We Americans take pride in defending our country... in standing up to aggression... in fighting for what we believe in. It's one of the pillars on which this nation was built.
So it's incredibly jarring to read Jeremiah 21. The people of Israel were facing a foreign invasion. The Chaldeans, the super-power of the region at that time, had set their sights on Jerusalem (and the entire nation of Judah). Or course, the initial response was to stand up and fight - even though the Hebrew people were HUGE underdogs! Even some of the so-called "prophets of God" urged the people to resist, citing that God would indeed save them! And then God gave Jeremiah a word for the people: DON'T FIGHT. Fight and you will die... OR you can surrender and live.
(By the way... Those who surrendered were taken into captivity for 70 years. Then returned to Jerusalem (with the next generation) with a newfound sense of passion & commitment to the ways of God.)

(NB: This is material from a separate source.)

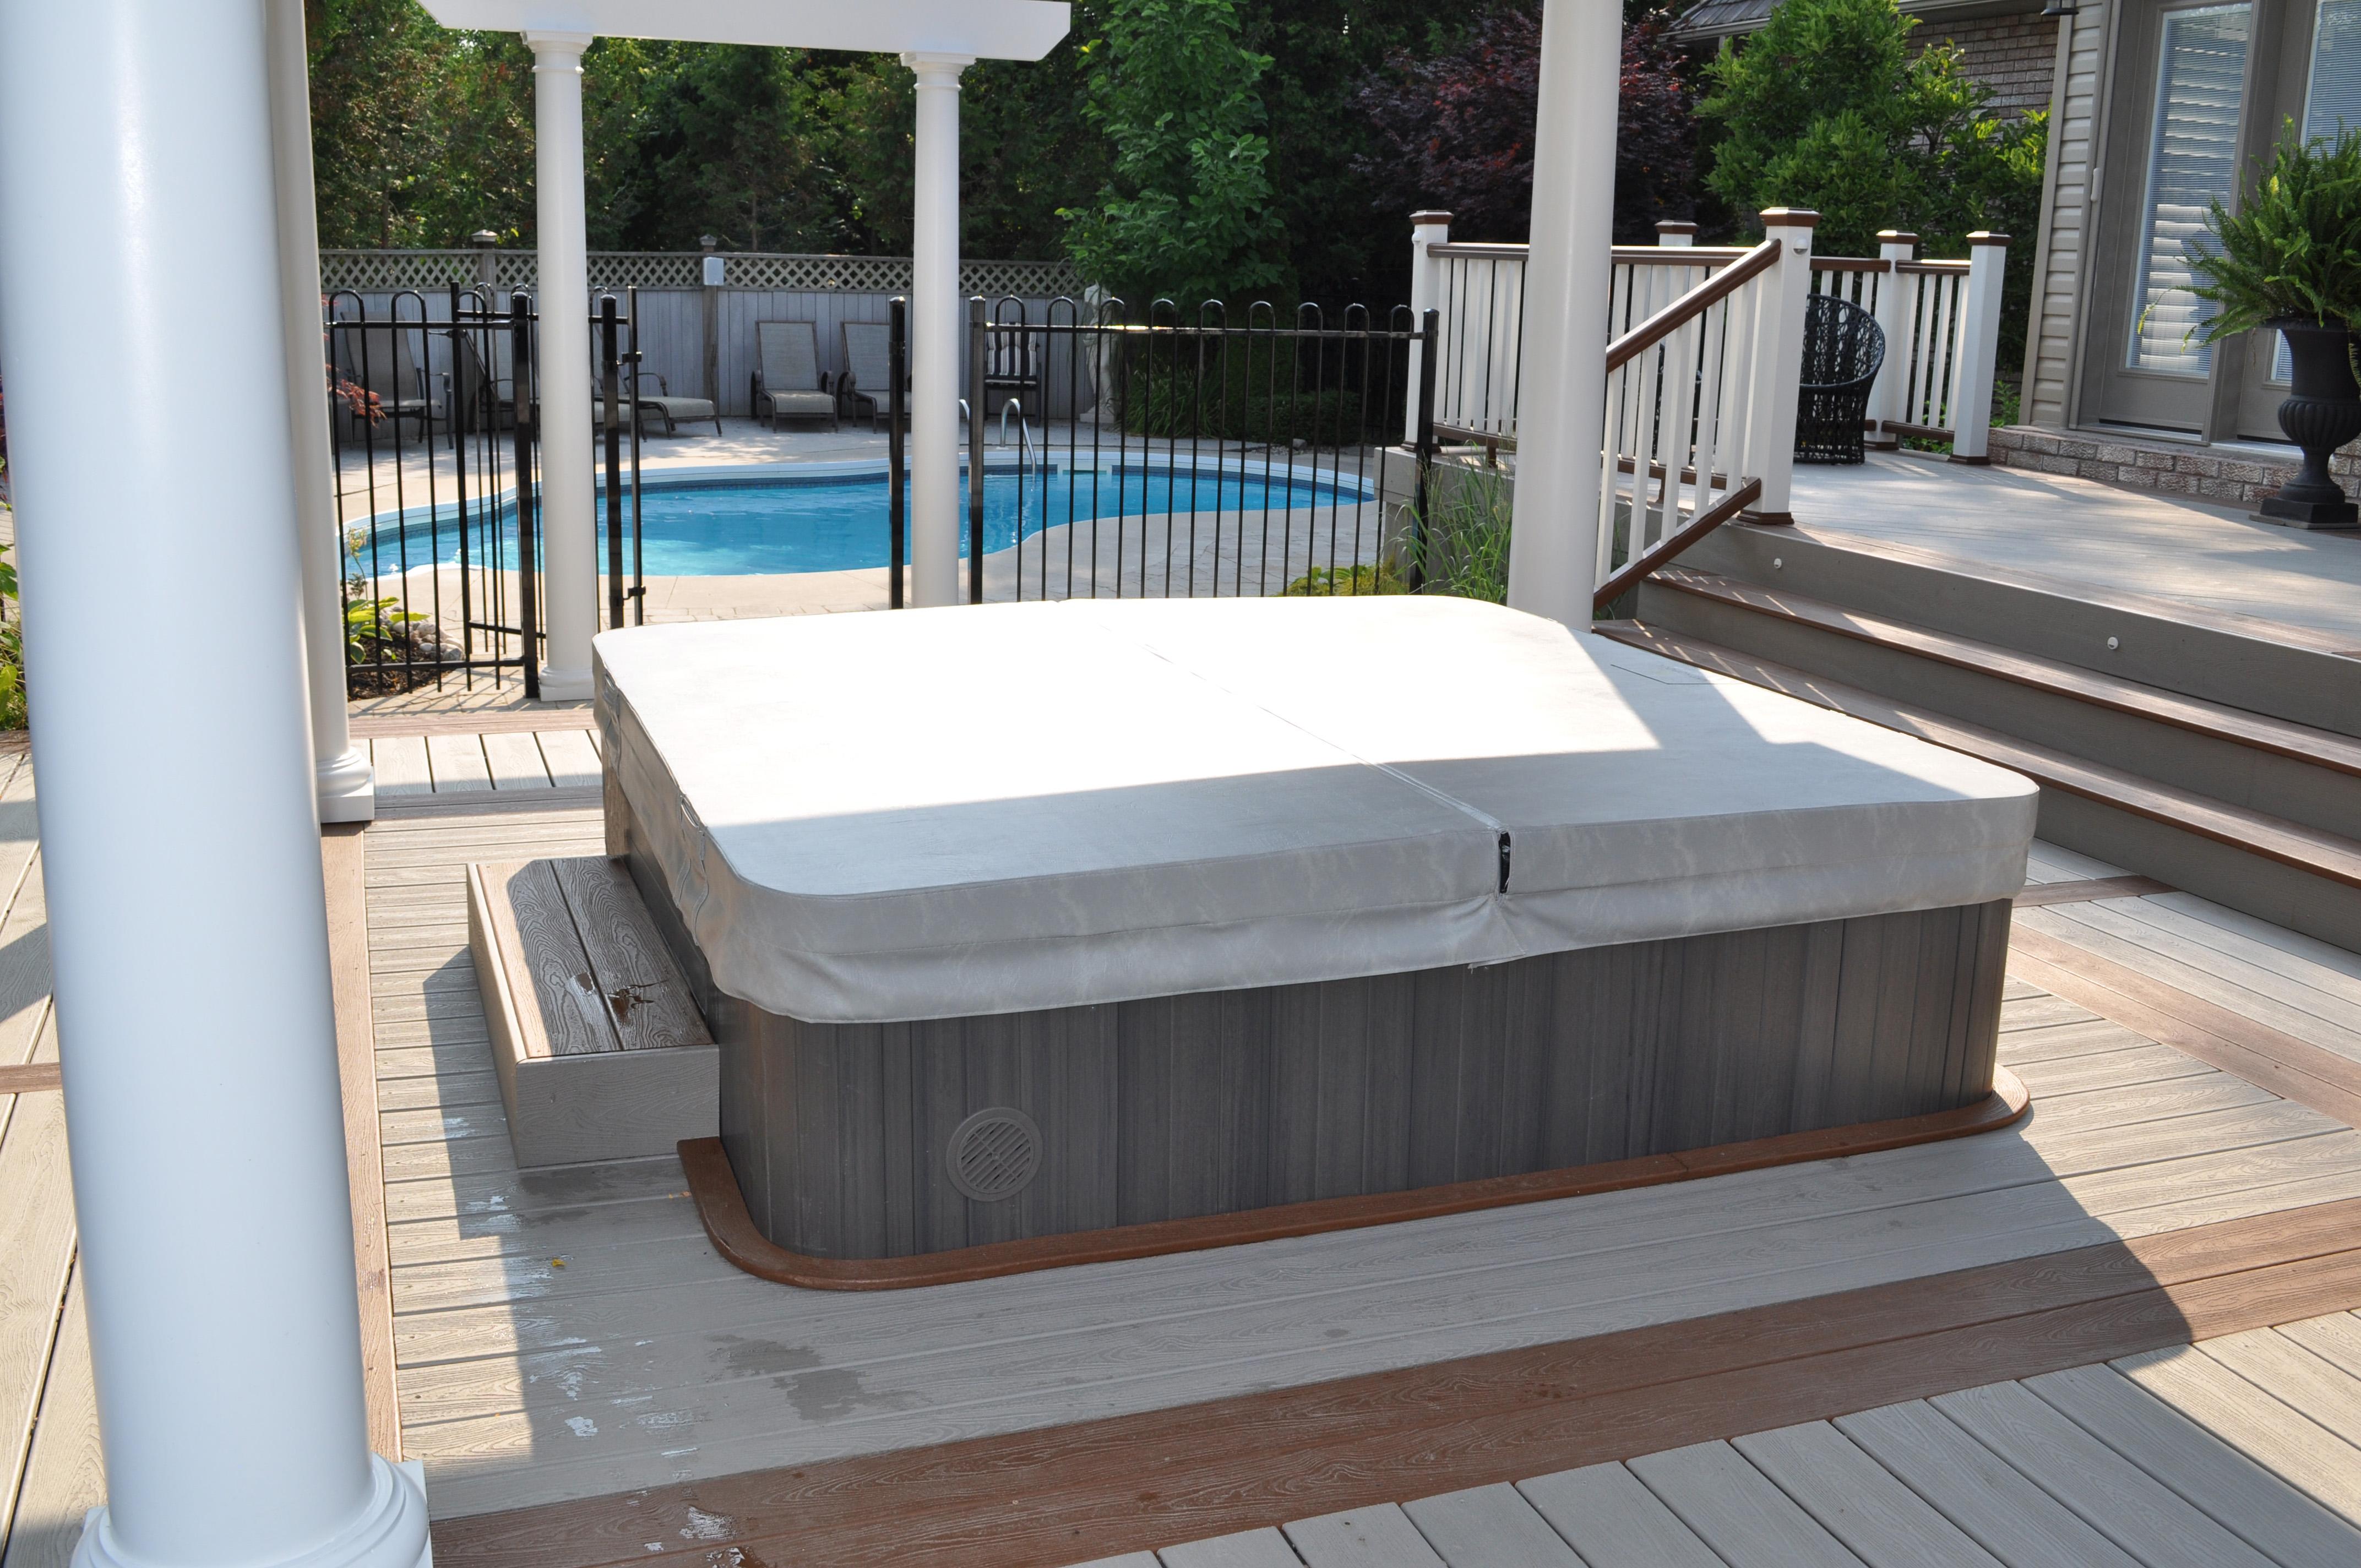 Hydropool serenity hot tub 5000 wellnessdrops - Sauna whirlpool ...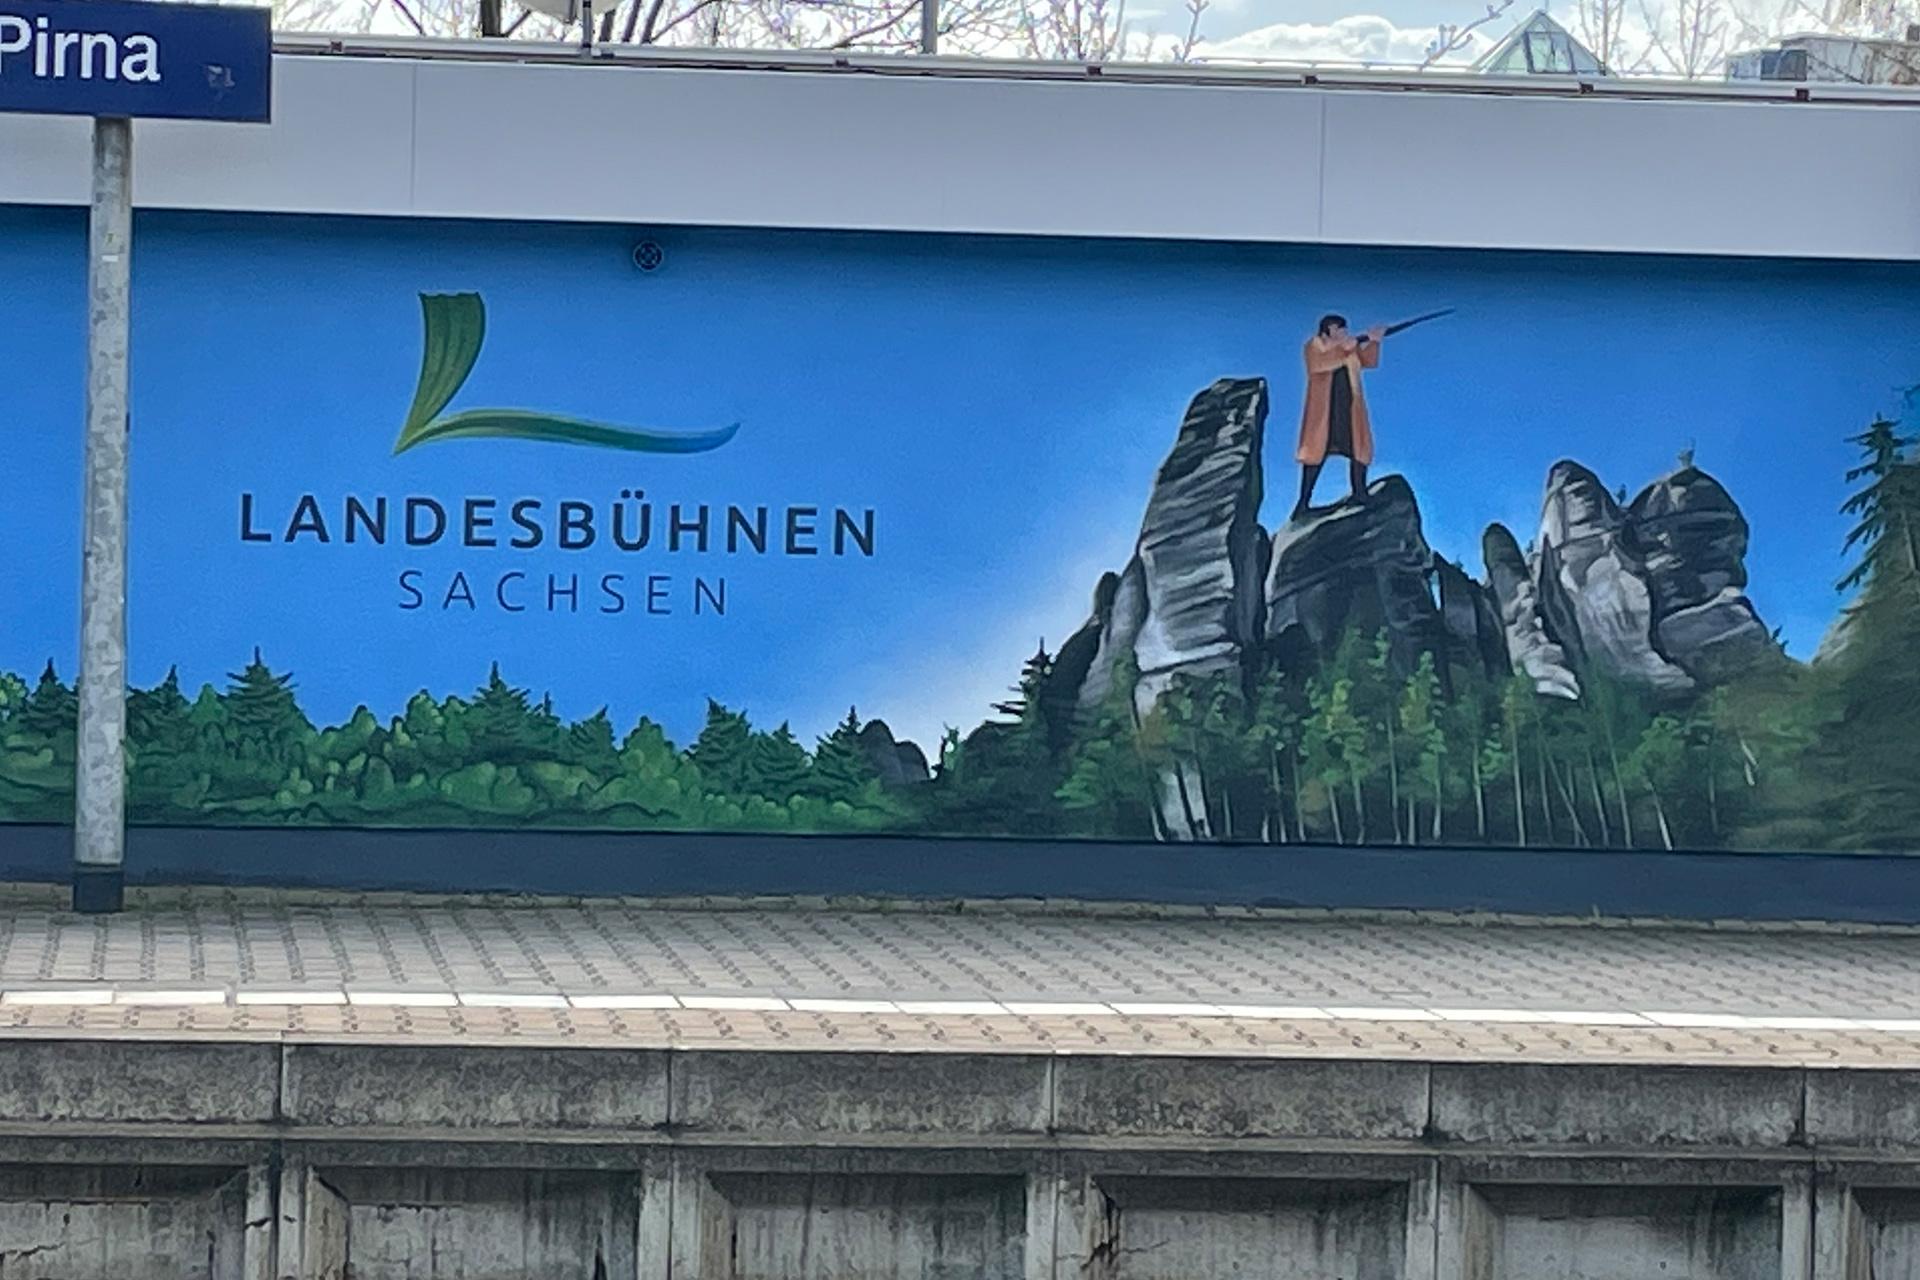 Landesbühnen Sachsen - Fassade am Pirnaer Bahnhof - Felsenbühne Rathen - Der Freischütz

What a hard word to hear. It goes against our pride as humans. We want to fight. To stay. To never give up or never give in. And yet, here God was using "the enemy" to help bring the people of Israel back to him. It's almost unfathomable to think that God might use our enemies as part of our growth and learning. And yet, could it be that the very thing we've been afraid of and fighting tooth and nail... it might just be something that God will use for our good? (I know! It's almost inconceivable, isn't it?)
Open my heart to hear when you're asking me to surrender, Lord. I don't want to fight if it's going against your will.